Sunday, December 28, 2008

Music Without Borders

The New York Times is devoting a major 3-part story to the changing demographics of the American priesthood. The core of the story deals with the priest shortage in the United States, and the ways that dioceses are dealing with it by drawing from the surplus of priests in Africa and Latin America. One of six diocesan priests now serving in the United States came from abroad.

For now, only part one has been printed, and it may yet deal with the problem of music, for this is a major issue that these new priests face. Music in all times and places is a major contributor to helping us identify aspects of home wherever we happen to be. This is a factor in the spread of digital MP3 players; they permit us to bring our preferred surroundings to us whether we happen to be in the subway, the car, an airport, or wherever.

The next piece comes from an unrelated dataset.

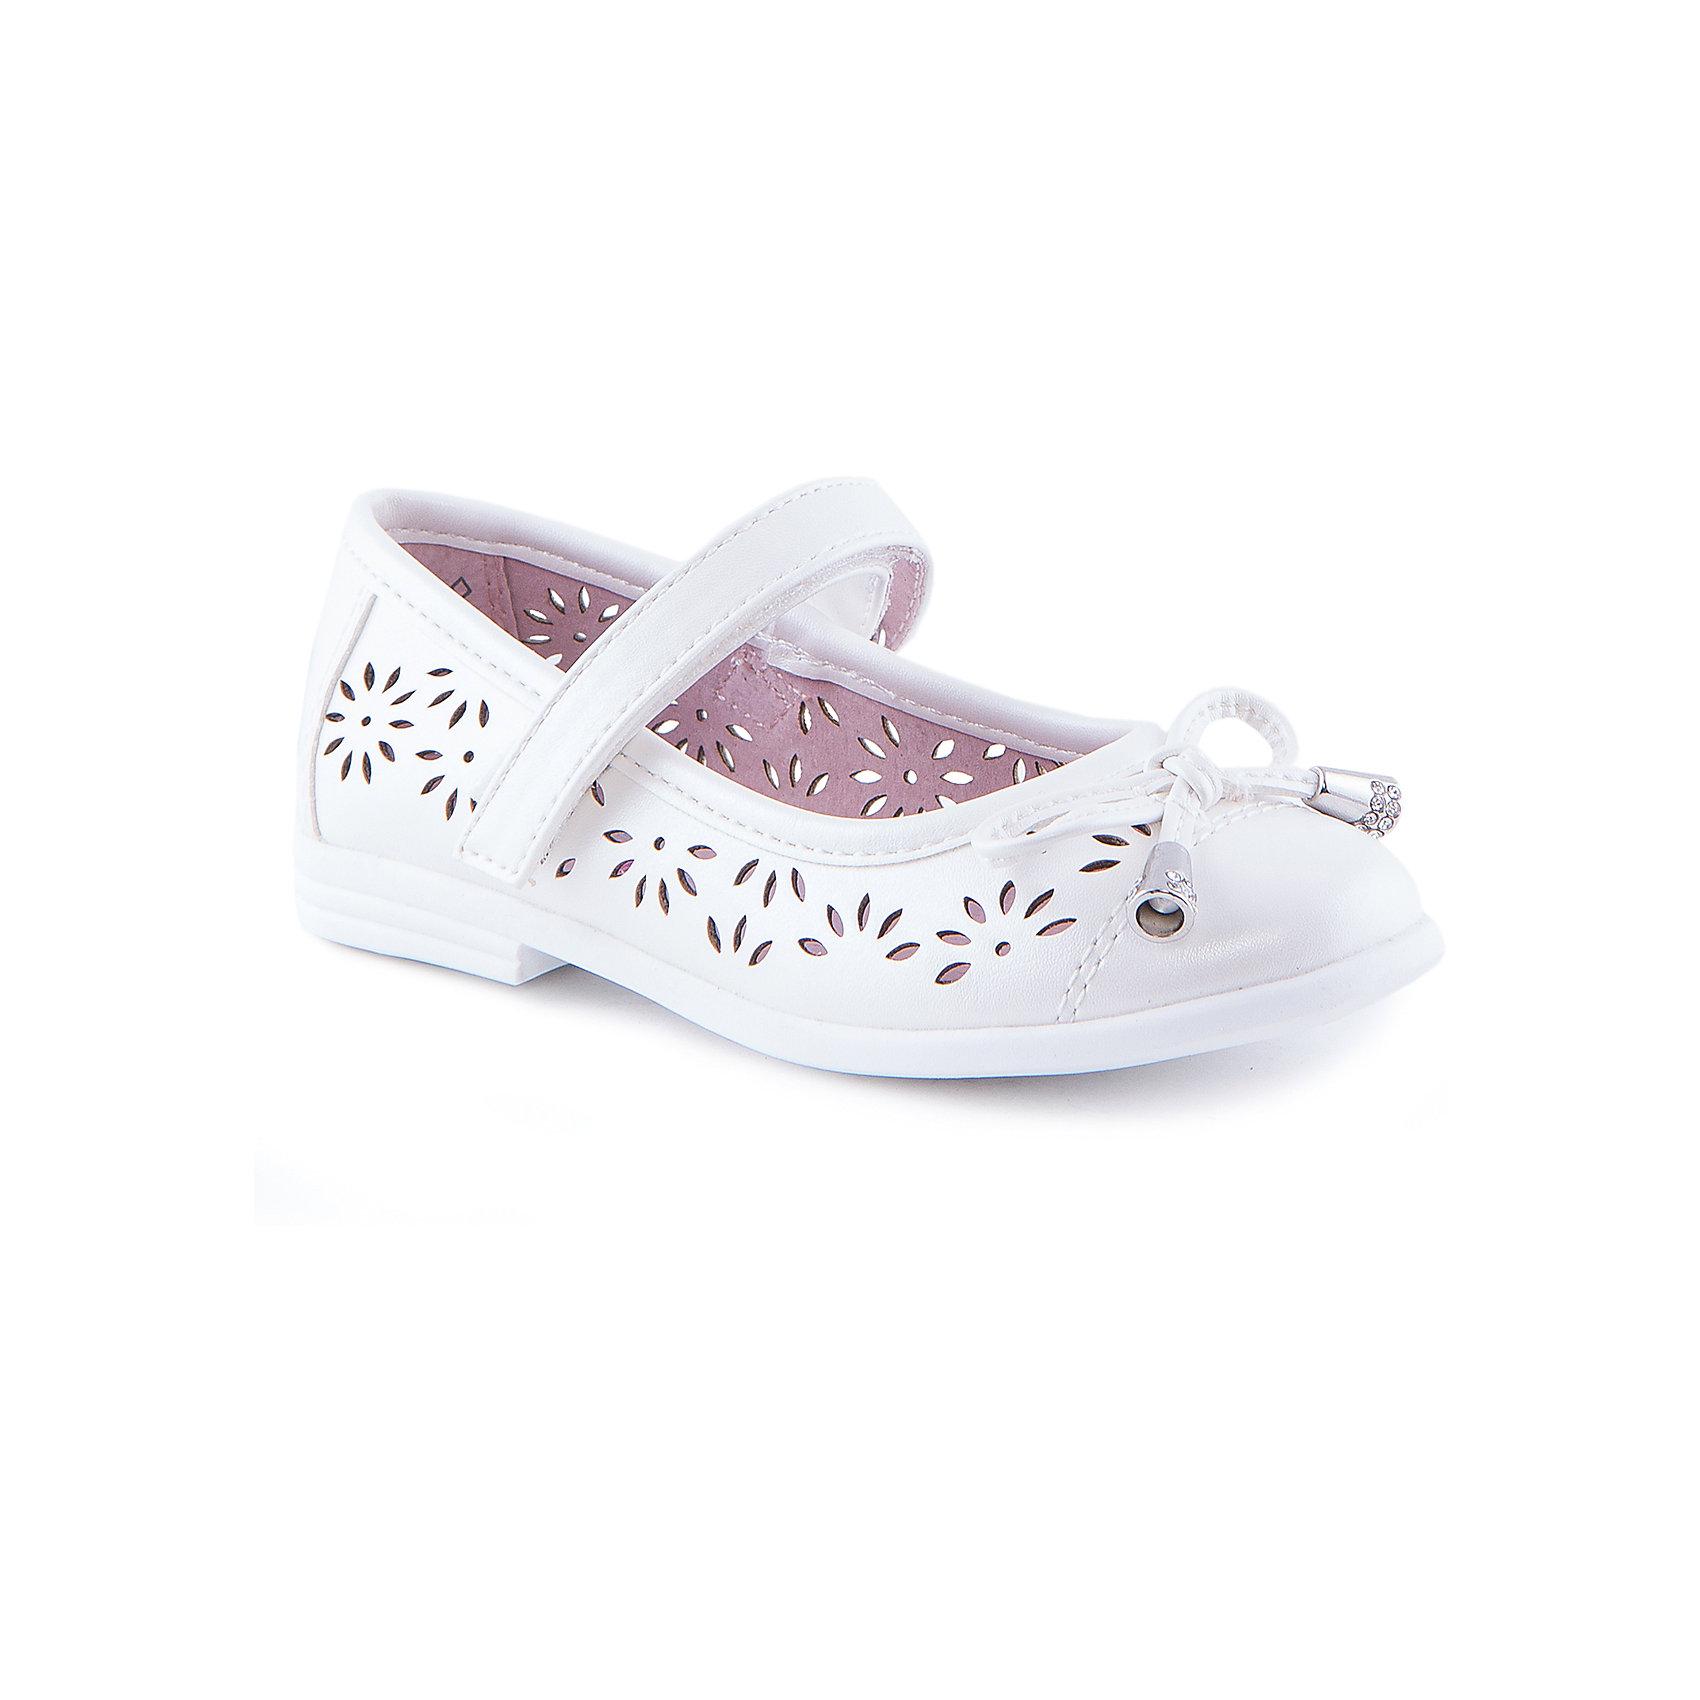 Туфли для девочки КотофейТуфли для девочки от известного российского бренда Котофей <br><br>Удобные туфли выполнены в универсальном белом цвете, украшены перфорацией. <br>Модель легко надевается. Удобная подошва позволяет избегать скольжения практически на любой поверхности.<br><br>Особенности модели:<br><br>- цвет: белый;<br>- тонкая гибкая подошва;<br>- застежка: липучка;<br>- вид крепления обуви: клеевой;<br>- качественные материалы;<br>- декорированы вырубленным узором и бантом;<br>- хорошее облегание.<br><br>Дополнительная информация:<br><br>Состав: <br><br>верх - искусственная кожа;<br>подошва - ТЭП.<br><br>Туфли для девочки Котофей можно купить в нашем магазине.<br><br>Ширина мм: 227<br>Глубина мм: 145<br>Высота мм: 124<br>Вес г: 325<br>Цвет: белый<br>Возраст от месяцев: 24<br>Возраст до месяцев: 24<br>Пол: Женский<br>Возраст: Детский<br>Размер: 25,26,27,29,28<br>SKU: 4565833

The music of the Roman Rite—itself a universal liturgy—has a universal music that permits priests from all over the world to have a sense of “home” when celebrating it in all places. That is not to say that there are not local variations. The music at Mass in Uganda is going to have a different character from Masses celebrated in Utah, and national variations in incidental music are legendary.

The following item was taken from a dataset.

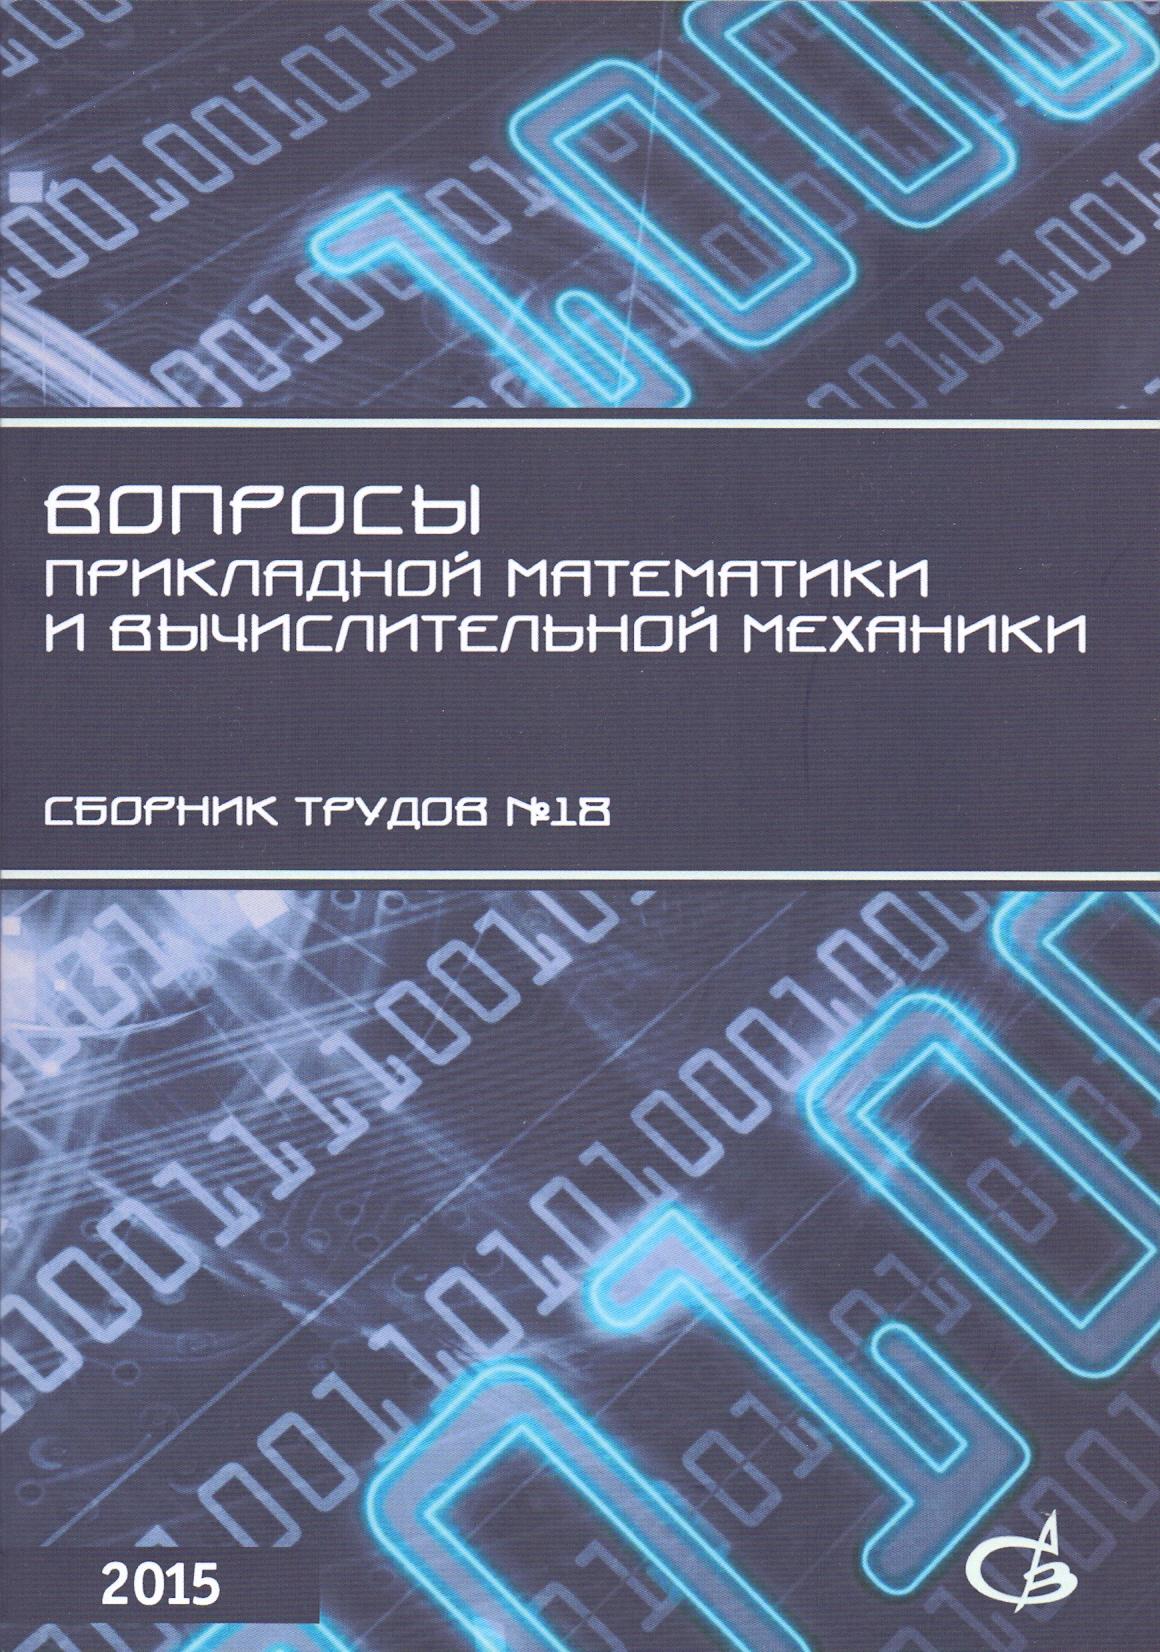 Вопросы прикладной математики и вычислительной механики: сборник научных трудов

However, there is a foundational music of the Roman Rite that has been the same in all times and places. The ordinary settings of the Kyrie, Gloria, Credo, Sanctus, and Agnus are world-wide settings in which no national culture in particular is embedded in its sound and feel. They were put together as part of a body of music overtly structured with a multicultural demand that no one language group of demographic prevail over any other. The Mass and its artistic setting must transcend not only time but also place and even the cultural character of the gathered people.

This is also true of the propers of the Mass (Introit, Gradual, Alleluia, Offertory, Communion), which are of the same plainchant style as the ordinary settings but more musically complicated and designed for singers who have studied and are engaged in continual practice. The Sequences are the same all over the world, provided we are using the prescribed melodies.

Finally, there are the chant hymns such as those gather in the Parish Book of Chant, and they have a universal quality as well. At Masses where there is an international gathering of people, chant hymns are what unite people from all over the world in song. They convey a sense that no matter what your national origin, the Catholic Church is your home, and it is a home that you share with the faithful from all over the world.

I don’t think it often occurs to American Catholic just how provincial and national in character the music at our Masses has become over the years. Of course this was also true in the 19tth and early 20th century, when the favorite songs of Irish and Italian immigrants became standard fare. But underneath them, there was still a constant strain of music that united the immigrants groups, and that was the chant tradition.

What is different today is that this chant tradition has been nearly entirely displaced by new tunes written in the 1970s and continue to be written today, and their source of inspiration was not the universal music of the Roman Rite but the localized, national, and contemporary trends of secular and evangelical culture. Our Masses take on a sensibility that strikes foreign people as predictably “white bread,” and provincial as hot dogs.

The result is that our liturgy often sounds distinctly American in a way that is distinctly unCatholic. I noted this years ago when I attended a Mass at the North American College in Rome prior to its more recent effort to revive and universalize the music used at the seminary. I was struck at how the Mass seemed no different from what one would hear in your local parish. Yes, it made one feel “at home” but only in the sense that Americans feel at home only with American things.

In this sense, we should have some strong sympathies with “progressive” Catholic liturgists who complain about the alienation that is felt by ethnic minorities in our parishes, and how the music that is dominate doesn’t really connect with their own history.

Not that music at Mass must necessarily connect with any particular national tradition but neither should it be so tied to a national genre as to indicate exclusivity. The chant, on the other hand, takes us to a new level in which we are neither catering to majority interests nor pandering to minority demands. It calls us all to leave such selfish concerns at the door and discover timeless truth.

What we need in our parishes is a form of music that emphasizes the universal unity of all people in Christ. On a practical level, this means that the African priest should be able to step into any parish in America and be part of a repertoire of music that is familiar and known, illustrating how any Catholic parish is a home to any Catholic priest anywhere in the world. It is an undeniable truth that there is only one musical genre that fulfills this demand, and it so happens that it is the same music that has been specifically named by the Church as that which is to have primacy of place at Mass.

Reflect on the wisdom of those who see chant as the universal music of the Mass. It means that all Catholics can have a sense of belonging. The Marian antiphon for the season is the same in all parts of the world, even if we are struck but subtle local variations.

My own parish had a visiting priest from Africa last year, and it was the chant that provided that deep connection between himself and our local parish. He was so grateful that he brought with him, in his heart and heart, this music. This gave our local parish a grander appreciation for the chant and its capacity to unite us all. And he left with a burning desire to learn even more and singing ever more in his own country, as a way of underscoring the mystical connection between parishioners here and there.

It is enough that priests from abroad must struggle with language issues and adjustments to our national traditions like Thanksgiving and our peculiar ways in matters of politics and material things. Amidst all these differences, if we can find areas of commonality, that is all to the good. The Rite itself we have in common. The music of the rite too should be a source not of division but of unity.